The upgrade on Oklo also comes with a defense of the company’s broader pipeline and strategy amid noisy headlines. Some investors had worried that Switch’s decision to add a small geothermal contract might signal waning commitment to nuclear, but Gosai sees that roughly 13MW geothermal PPA, starting around 2030, as incremental rather than a replacement for the multi‑gigawatt nuclear capacity contemplated in the Oklo/Switch memorandum of understanding. In updated forecasts, she models the Meta campus as four phases, around 16 reactors coming online between 2030 and 2036 and total cumulative prepayments of about $170 million over 2026–2029. While the megawatt additions versus prior assumptions are modest, the confidence boost is significant: projected 2036 revenue rises to $5.9 billion, with 6.7GW deployed and 117 units in the field. Combined with higher peer multiples for the broader small modular reactor space, this supports the new $127 target and frames Oklo as one of the most levered public stocks to long‑duration, data‑center power demand.

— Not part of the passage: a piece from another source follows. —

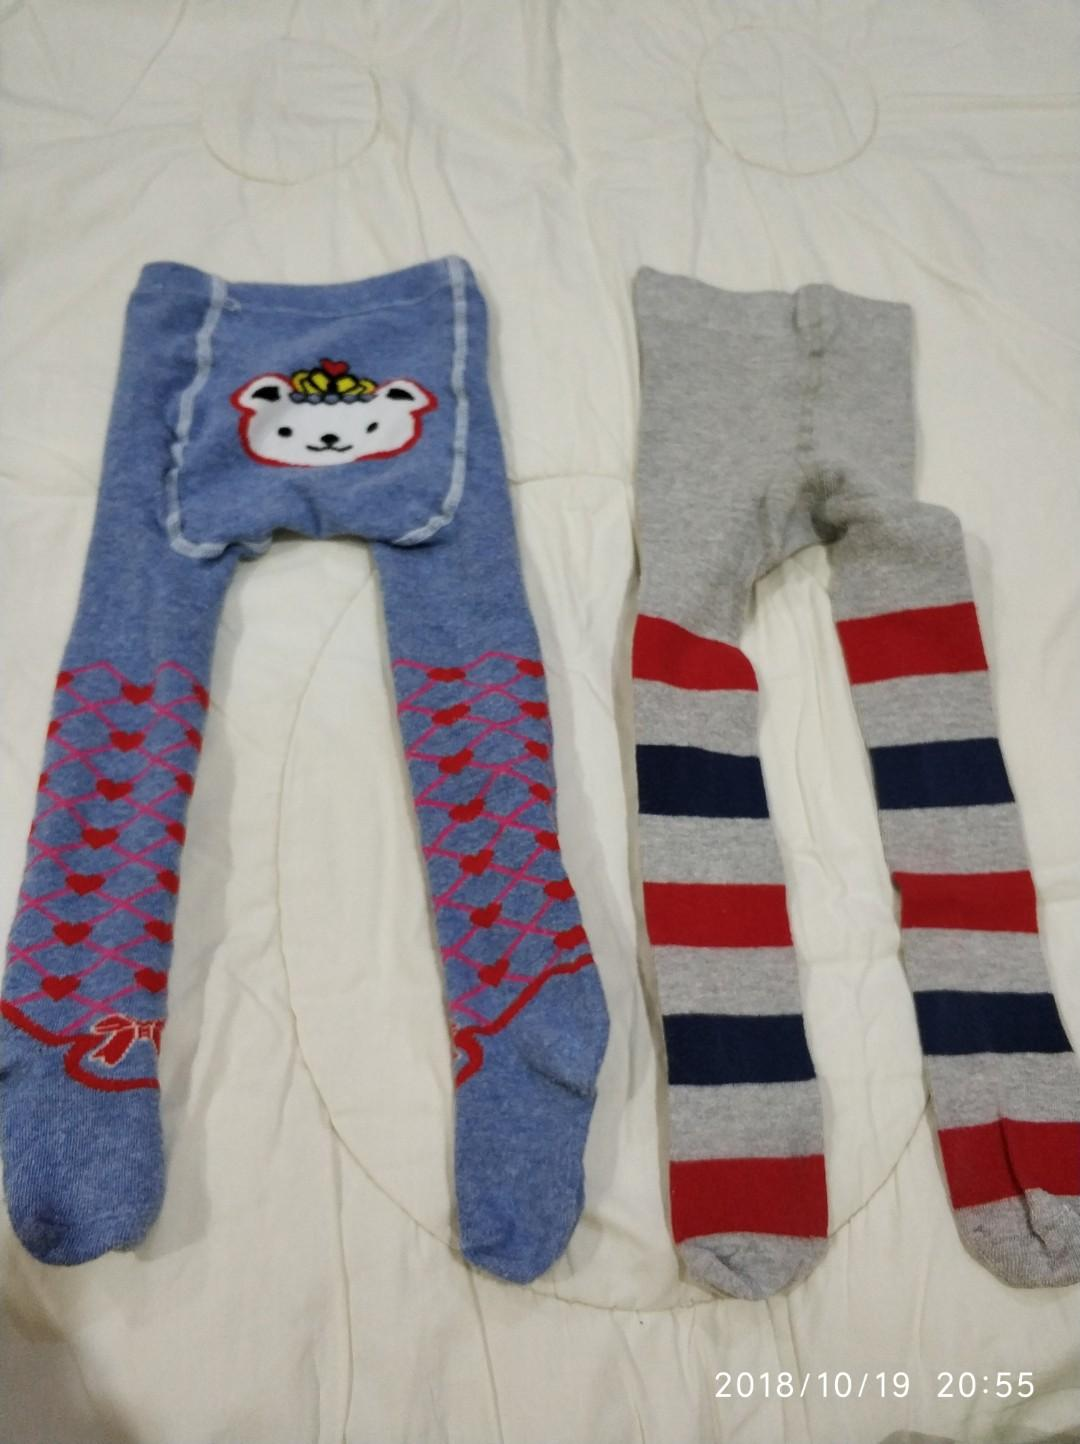 2 Pcs Celana Legging Kaos Kaki Baby Bayi Anak Baju Bayi Di Carousell

Arm Holdings is also back in the spotlight as analysts bet that a recent share price slump has gone too far in light of a powerful data‑center and AI roadmap. Susquehanna’s Christopher Rolland has upgraded Arm from Neutral to Positive (effectively a Buy call) and reiterated a $150 price target after the stock suffered a roughly 40% correction amid concerns about higher memory prices weighing on mobile and PC markets. Rolland sees that weakness as an opportunity, arguing that investors are overly focused on cyclical headwinds while overlooking two potentially transformational initiatives: an AI accelerator (XPU ASIC) co‑developed with SoftBank and Broadcom for OpenAI, and a custom server CPU design, likely for Meta, that would be Arm’s first full silicon product. These moves would push Arm beyond its traditional IP‑licensing model into richer, system‑level offerings, expanding both its total addressable market and its royalty pool in the data center. Layered on top of that are ongoing shifts from v8 to v9 architecture, higher royalty CSS‑based smartphone chips ramping at major OEMs, and continued server share gains at hyperscalers, all of which Rolland believes could drive royalty growth well beyond the modest ~10% contribution investors currently model.

Datadog, finally, is emerging again as a growth story that many on the Street may be underestimating, particularly in its core business outside of its high‑profile AI offerings. Stifel’s Brad Reback has upgraded the stock to Buy and lifted his target price to $160, arguing that recent channel checks point to another “larger than typical” quarterly beat for the fourth quarter, powered by accelerating momentum in Datadog’s core observability and monitoring products. He expects non‑OAI (non‑OpenAI) revenue growth to top 23% year‑over‑year, with Datadog likely guiding 2026 sales to around $4.1 billion, implying roughly 19%+ core growth while assuming AI‑related revenues maintain a steady run‑rate. Reback highlights the payoff from ramped‑up sales and marketing spend over the past 18 months, pointing to a reacceleration in large‑customer additions and record new‑logo bookings. With newer offerings—such as CloudPrem, digital experience monitoring, security tools, service management and its Bits AI features—starting to contribute, and with the company signaling it will continue investing aggressively to sustain high growth, he believes current valuation of about 8x 2027 sales and 30x 2027 free cash flow looks appealing for a name showing underlying acceleration.